Я молчал, соглашаясь с ним в этом, хотя у меня были и
другие мысли, почему эта дверь черная. И я хотел бы знать, что происходит по ту
ее сторону, знать сам, а не только иметь какое-то представление, основанное на
его словах. Я хотел оказаться по ту сторону стены (буквально) и увидеть его и
его комнату сам. Он сказал, что он плачет там, и когда я посмотрел на него, мне
трудно было представить слезы в этих безупречных глазах. Это было очень
возможно, судя по всей той боли в его жизни, но это было трудно вообразить. Эти
глаза вне времени просто не должны иметь в себе слезы. Это выглядело бы как
трещина в вазе, или дыра в шелке. Такого
просто не могло быть.
И я также не хотел, чтобы этот сильный человек, сам как
произведение искусства, наполненный цветами и красками, плакал. Это могло разрушить
мое представление о нем, сконструированное моим сознанием, которое основывалось
на его глазах. Я не хотел видеть его разбитым
и сломанным; я бы лучше увидел его слезы в виде акварели. Единственный способ
поверить, что он может плакать - это проникнуть в его комнату, где он устроил
небытие для самого себя. Даже если
никогда не увижу его слез, я все еще хотел – мне нужно было – ступить за порог
этой двери. Он делился со мной все большим и большим каждый день, но я никогда
не чувствовал себя частью его самого. Я не был так близко к нему, как Вивьен
или его брат. Я молча думал, видели ли они когда-нибудь его плачущим. Они, возможно,
видели, и я вдруг понял, что чувствую зависть. Если бы я мог пройти через эту
дверь, то, возможно, я мог бы стать ближе к Джерарду. Мы никогда не проводили время в его спальне. В
этом никогда не было необходимости, и он никогда не приглашал меня туда. Приглашение
в таких случаях имело очень большую важность. И мне оно было тем более нужно,
но я предчувствовал, что этого прямо-таки священного разрешения я не получу еще
долго, если вообще когда-нибудь получу.
- Эй, Джерард, - внезапно спросил я, немного отвлекшись от
двери, которая, кажется, уже стала серьезной идеей, - ты когда-нибудь рисовал меня?

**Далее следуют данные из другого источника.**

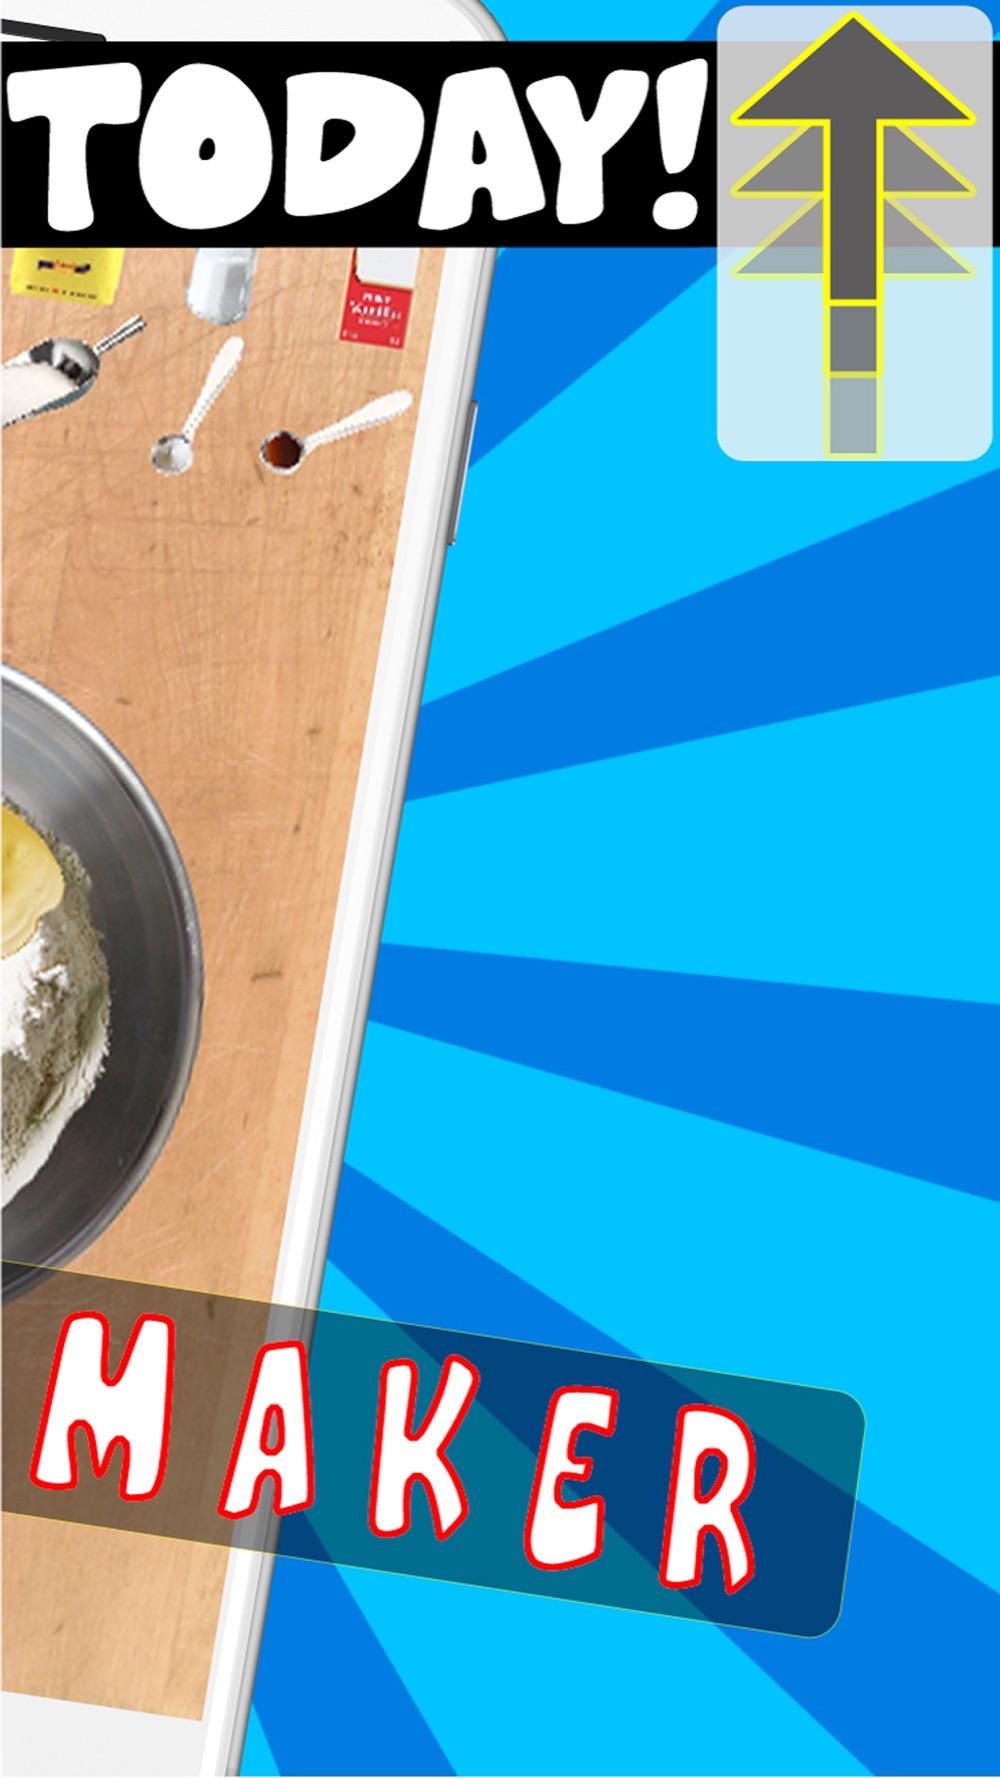 Cookie Maker Cake Games - Free Dessert Food Cooking Game for Kids hack tool

Я чувствовал, что покраснел сразу же, как только задал
этот вопрос, но мне нужно было знать. Как бы он не нарисовал меня, я хотел знать,
как он меня видит. Он столько разглагольствовал об интерпретациях и значениях, но,
кроме той голубиной теории о том, как он видел меня, его рот был на замке. Я не хотел всего лишь сравниваться с птицей. Я
хотел уверенный и развернутый ответ. Неужели он видел меня всего лишь как
парня, который просто приходит к нему каждый день? Видел ли он меня как друга? Или
больше? Может, если бы я знал, как он меня видит, то я бы, наконец, понял его. Или
может быть, только может быть, оказался за той дверью…
Он улыбнулся, смеясь про себя.
- Я же уже говорил тебе, - сказал он, как будто немного
раздражаясь, – мужское тело - уродливо.
Он всего лишь дразнил меня, но меня это, кажется, задело.

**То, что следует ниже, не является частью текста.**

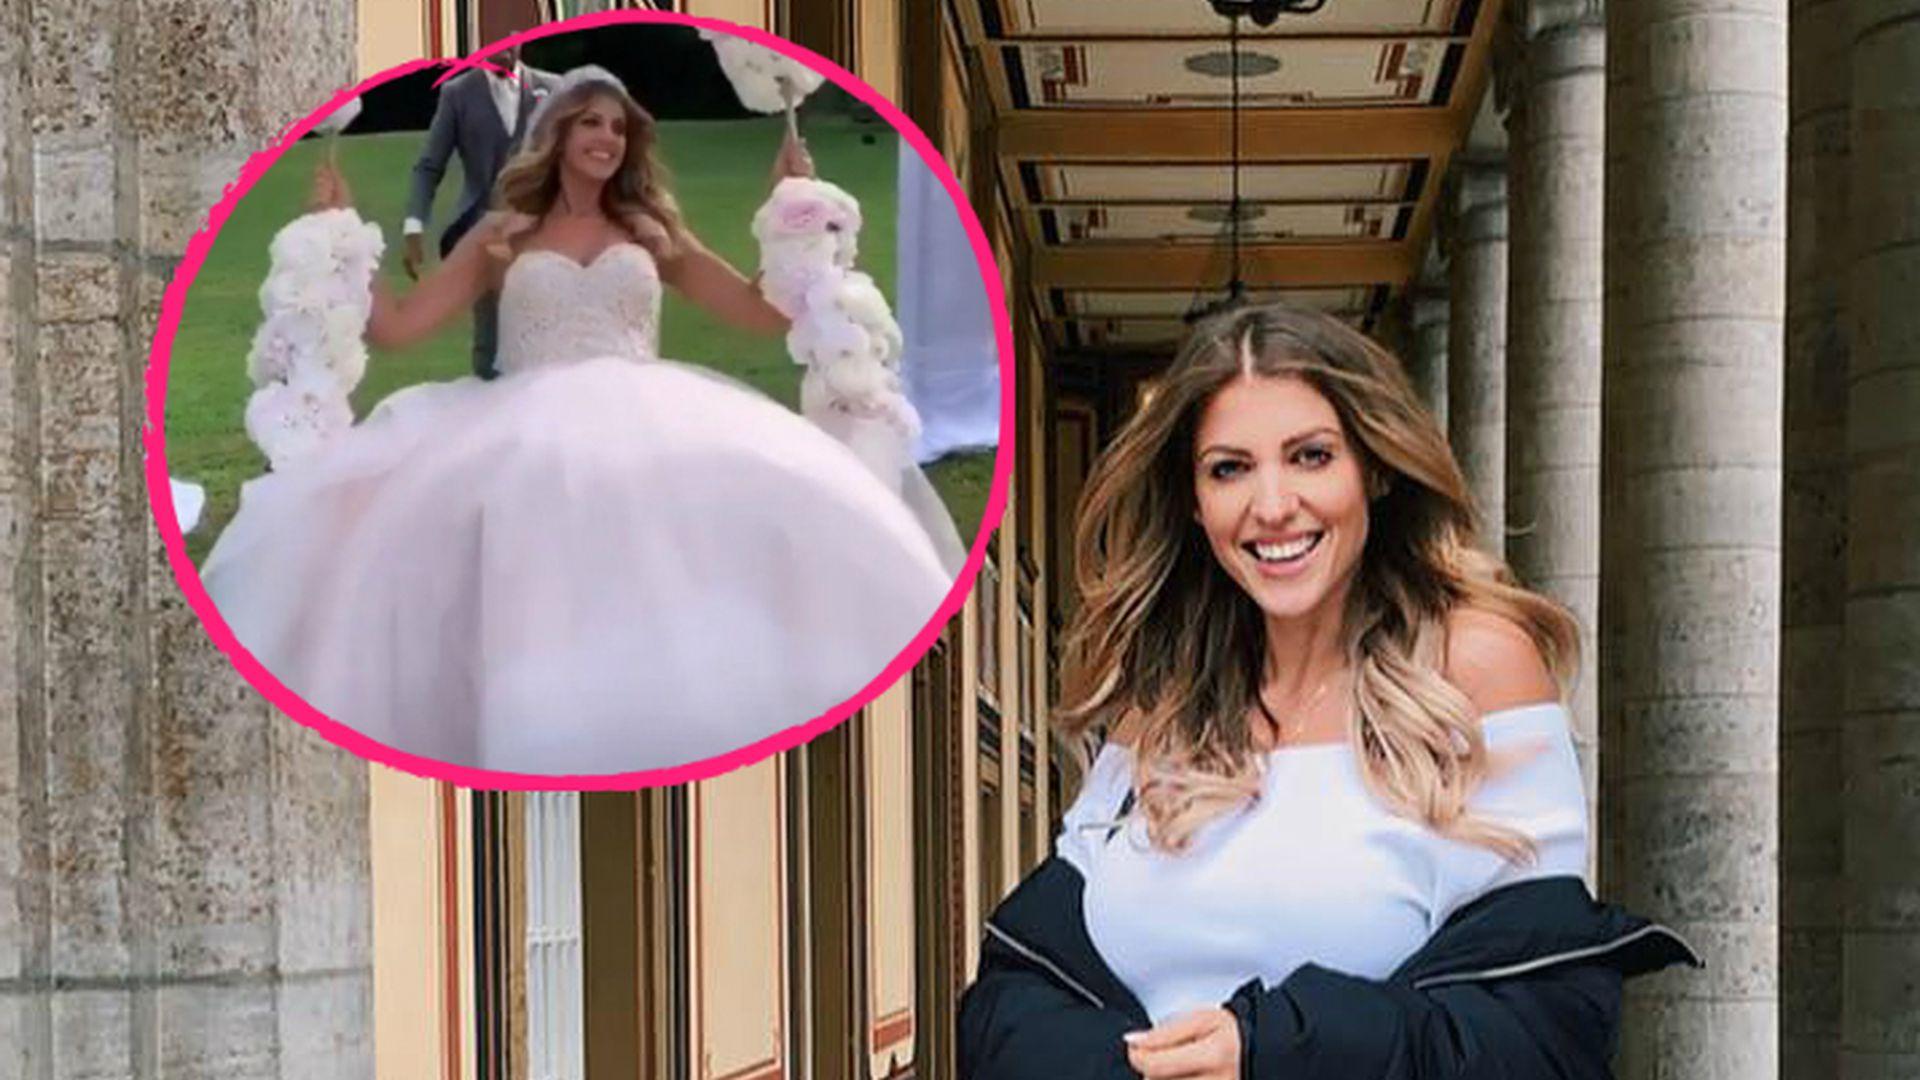 Erster Blick: So pompös ist Sarah Harrisons Brautkleid  Promiflash.de

- И все же это не причина, по которой я не рисовал тебя,
- добавил он, заметив, как я помрачнел, - я еще не знаю точно, как я тебя вижу,
- он выпрямился и, прищурив глаза, оглядел меня сверху донизу. В это момент я чувствовал
себя голым, еще в большей степени подверженным уродству, чем обычно. Тем не
менее, я не принял никаких попыток прикрыть себя.
- Ты все еще растешь и меняешься слишком стремительно,
чтобы иметь достаточно точное представление о тебе прямо сейчас. Даже я все еще
меняюсь, и я почти совсем состарившийся чувак. Не думаю, что сейчас меняюсь так
же быстро, как когда был как ты, надеюсь во всяком случае. – Он пожал плечами, хриплый смех вырвался у
него изо рта, похожий на карканье ворона, на которого он сейчас был похож из-за
своих волос, - уж если я себя так плохо
знаю, то точно ни за что не смогу нарисовать тебя.

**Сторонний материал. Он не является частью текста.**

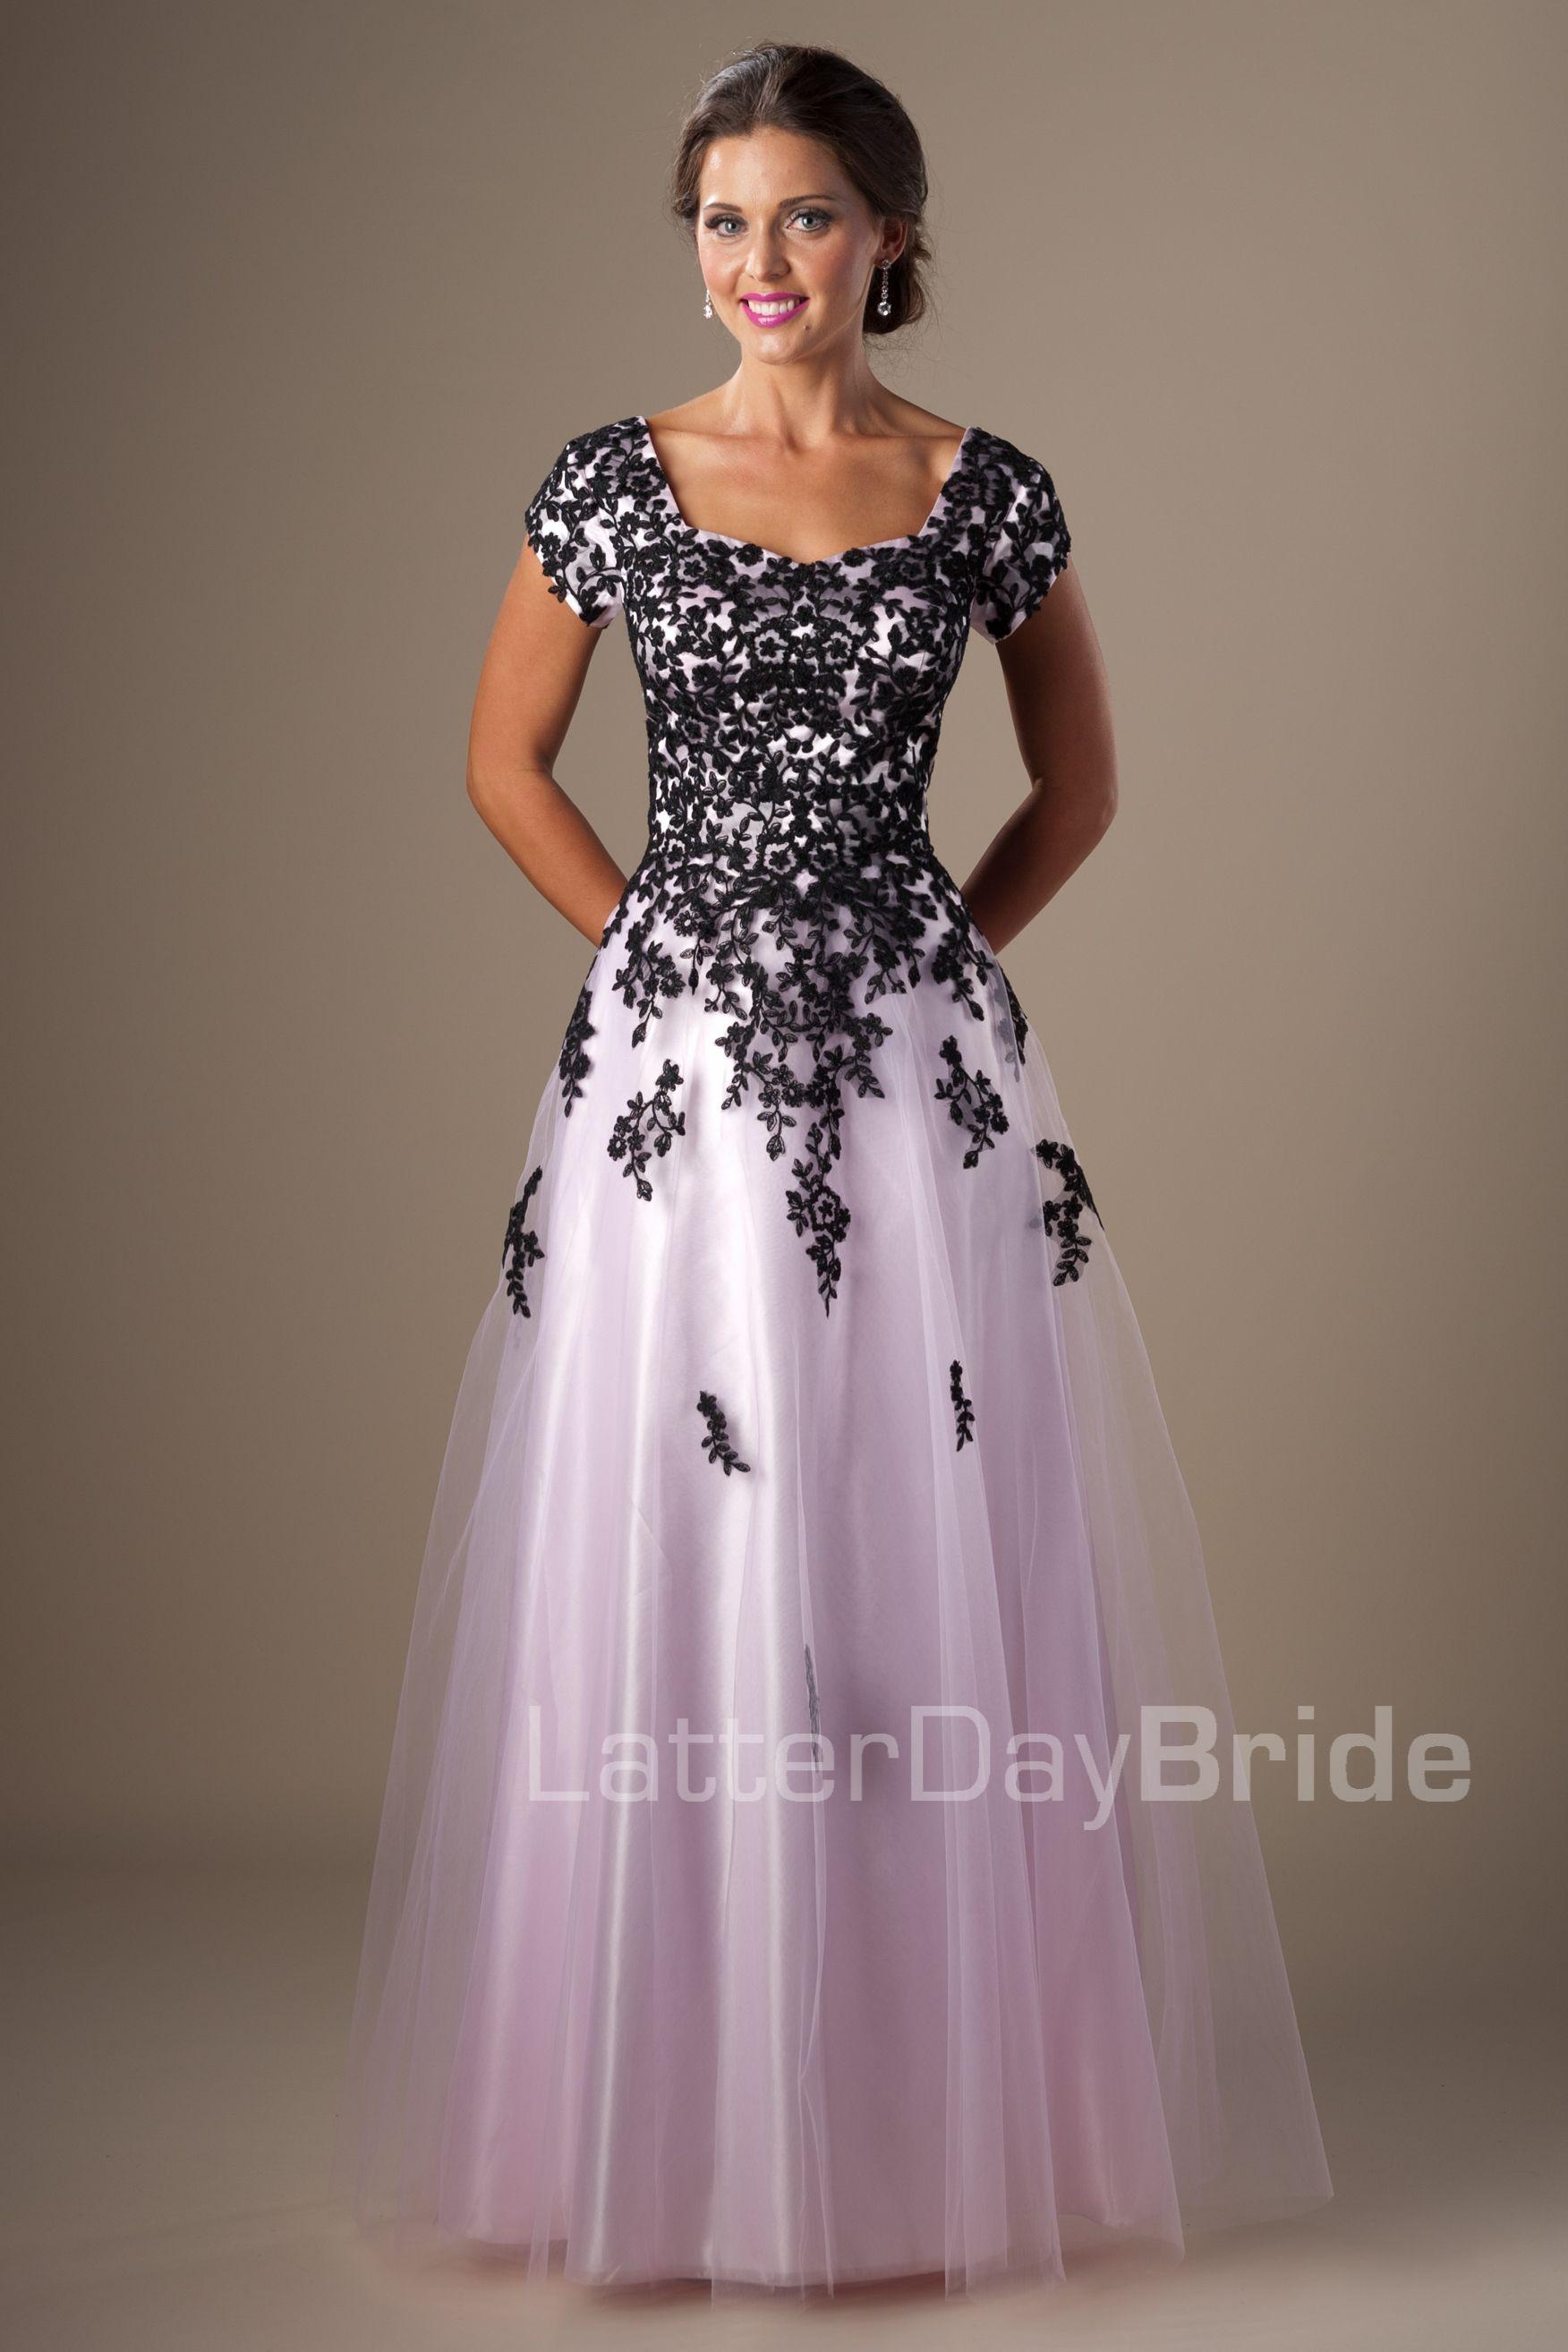 Modest prom dresses emma dresses pinterest modest prom

Я кивнул, опустив голову. Я не знал, что я хотел услышать,
но уж точно не это.
- Ты все еще можешь нарисовать себя сам, - заметил он, решив поддержать меня. Обычно
его никогда не волновало то, что он мог задеть меня своими словами, потому
что все, что бы он ни говорил, было
направлено на то, чтобы чему-то меня научить. Но сейчас это имело для него значение,
из-за интимного характера этой темы.
Когда вам стирают кожу, так, что получается открытая рана, это больно,
особенно, если вы еще просыплете на нее соль – и Джерард выглядел так, будто у
него уже было полно такой соли на руках. – Только то, что я не рисую себя, еще
не значит, что тебе тоже не следует себя рисовать.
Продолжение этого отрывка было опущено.